* Problem to work on:
Repeat the data in full. Drop every picture.

* Information supplied:
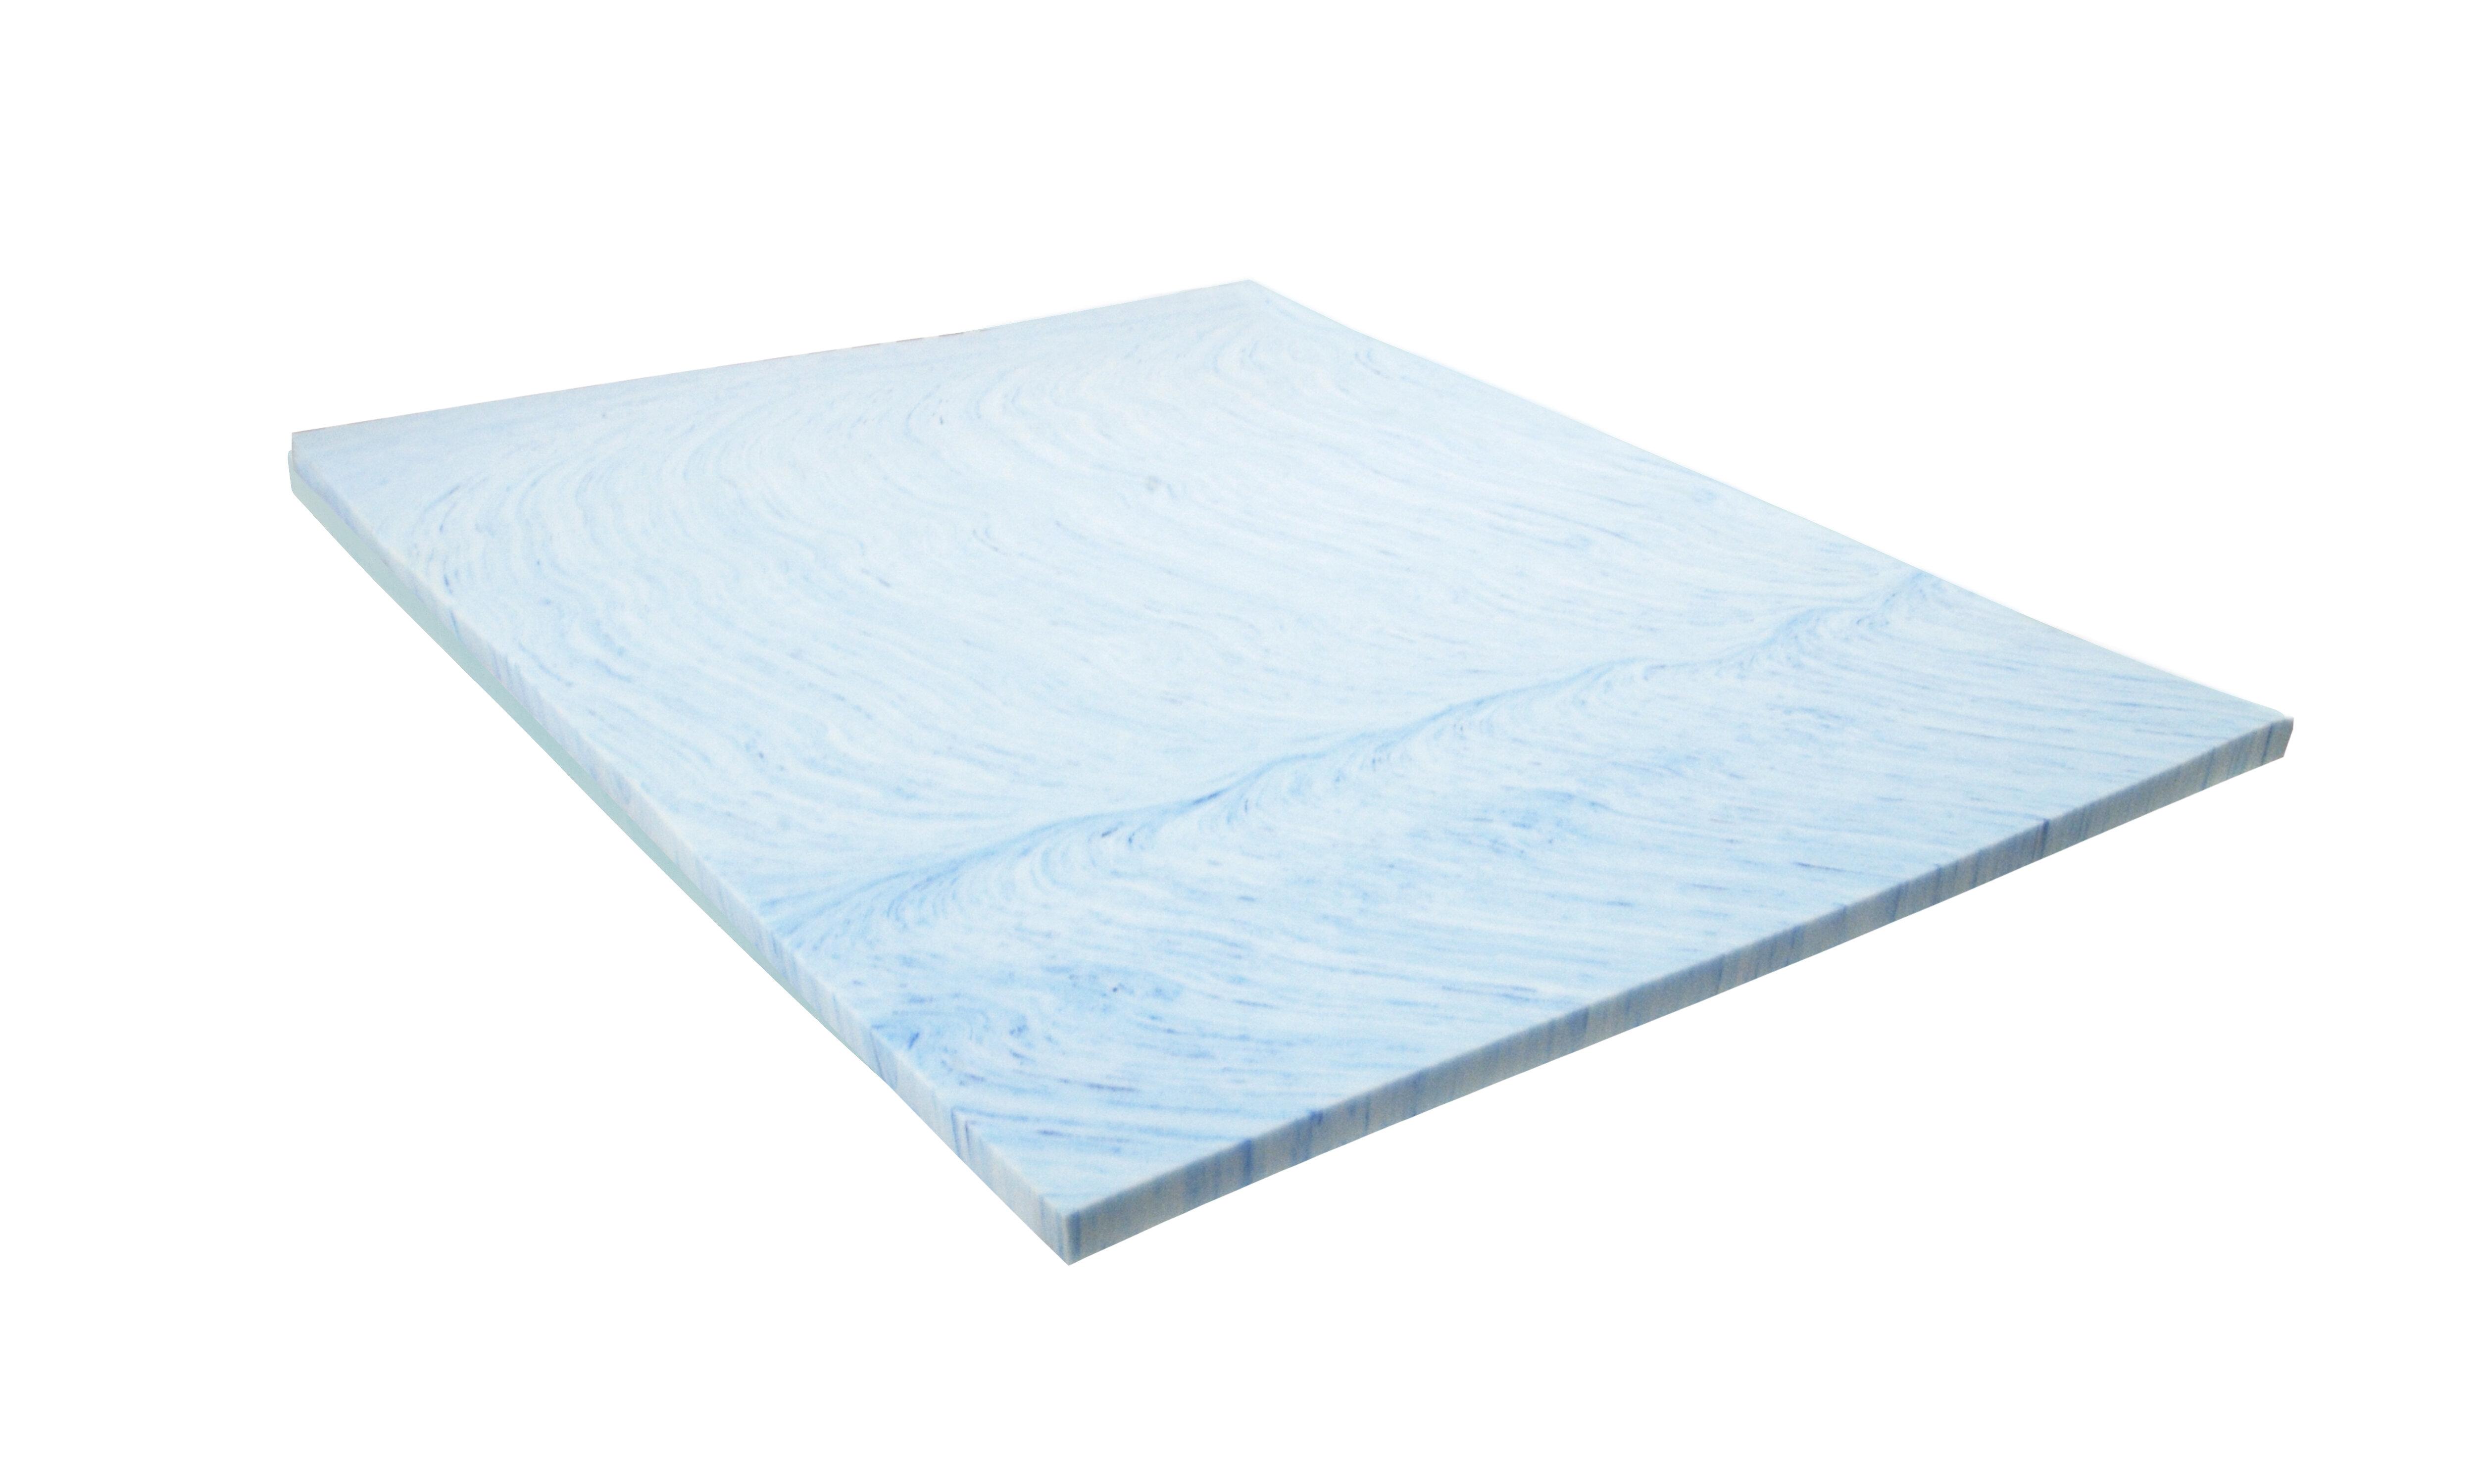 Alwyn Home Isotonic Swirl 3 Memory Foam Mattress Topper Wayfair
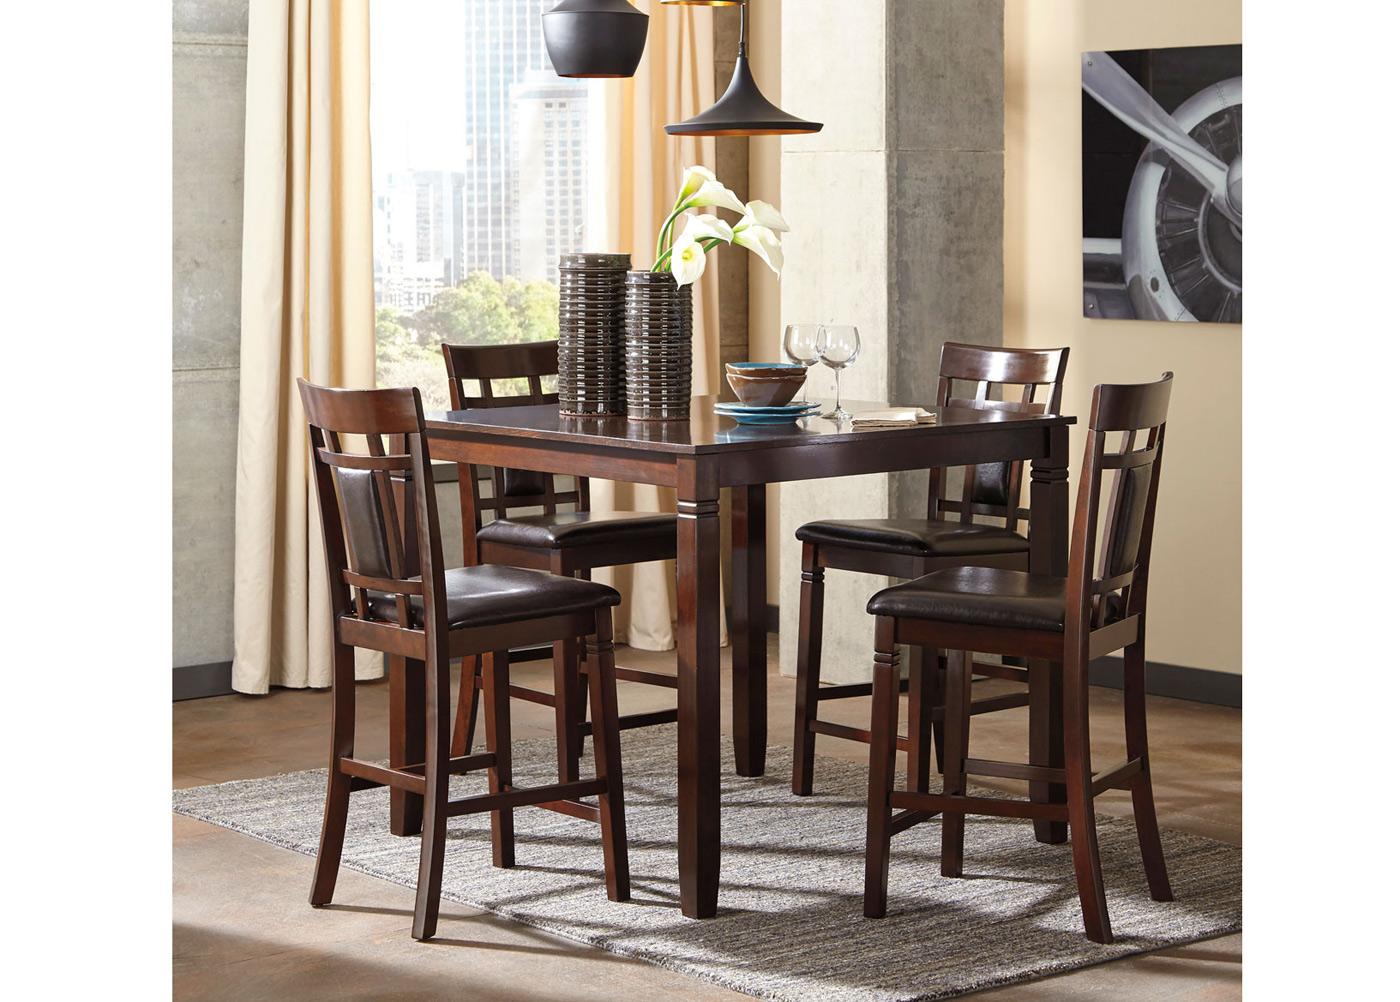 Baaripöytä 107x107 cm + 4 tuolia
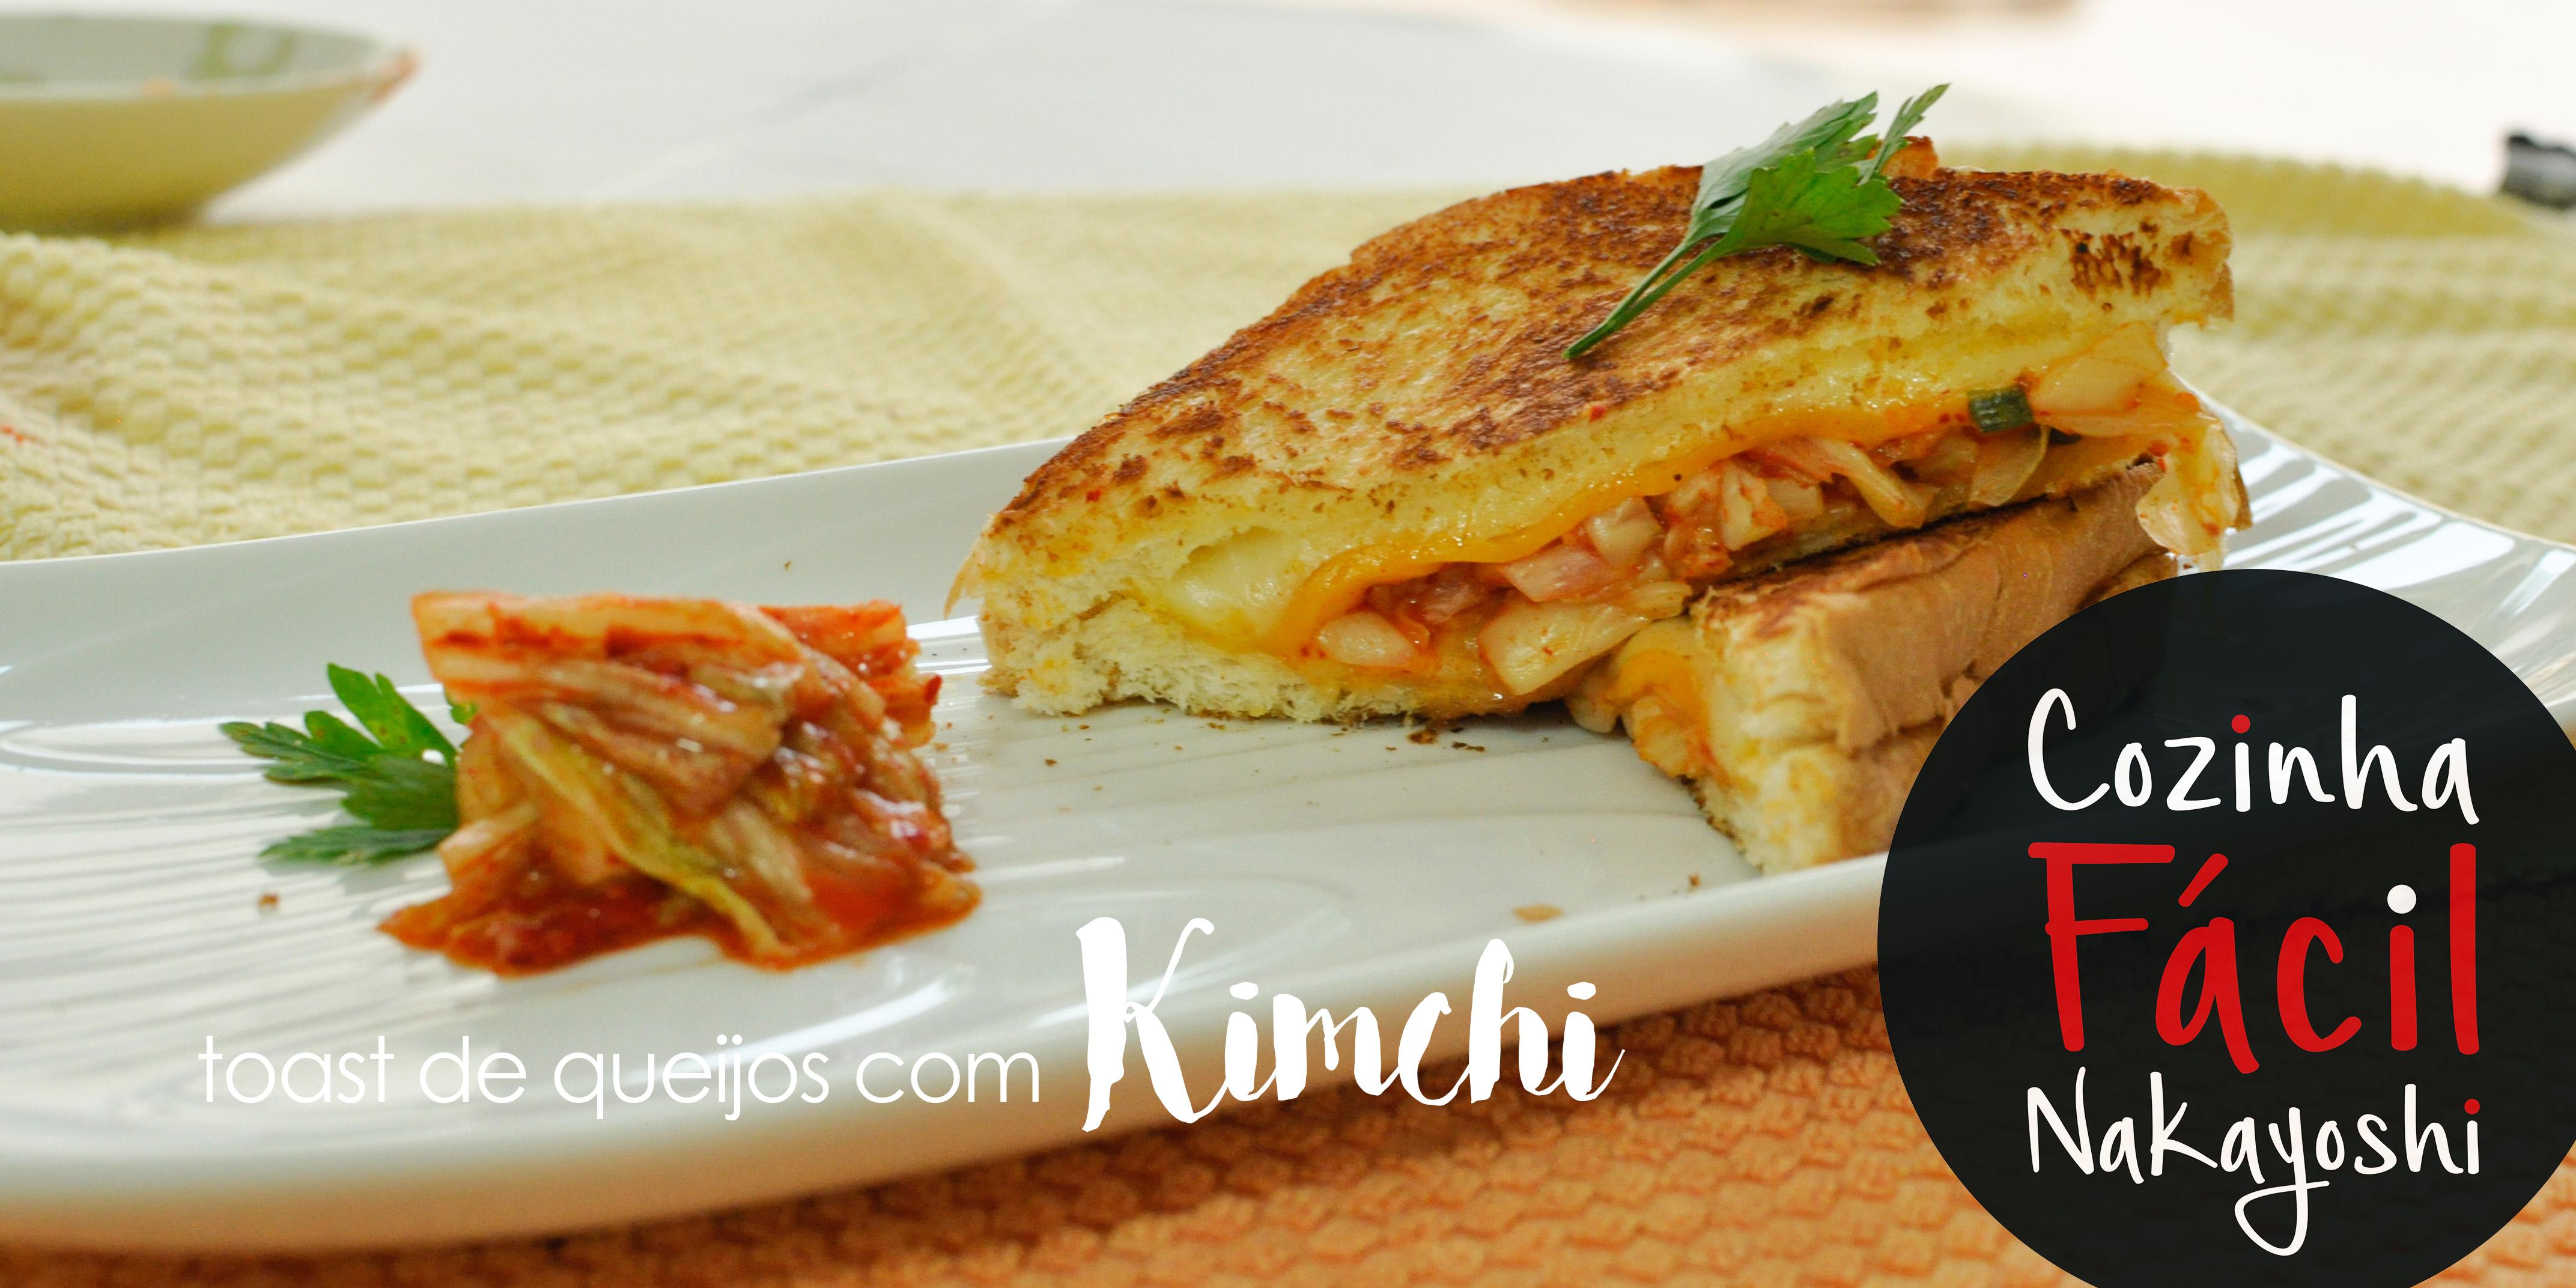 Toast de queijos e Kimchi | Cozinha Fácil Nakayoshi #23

* Completed exercise:
 Alwyn Home Isotonic Swirl 3 Memory Foam Mattress Topper Wayfair
 Baaripöytä 107x107 cm + 4 tuolia
 Toast de queijos e Kimchi | Cozinha Fácil Nakayoshi #23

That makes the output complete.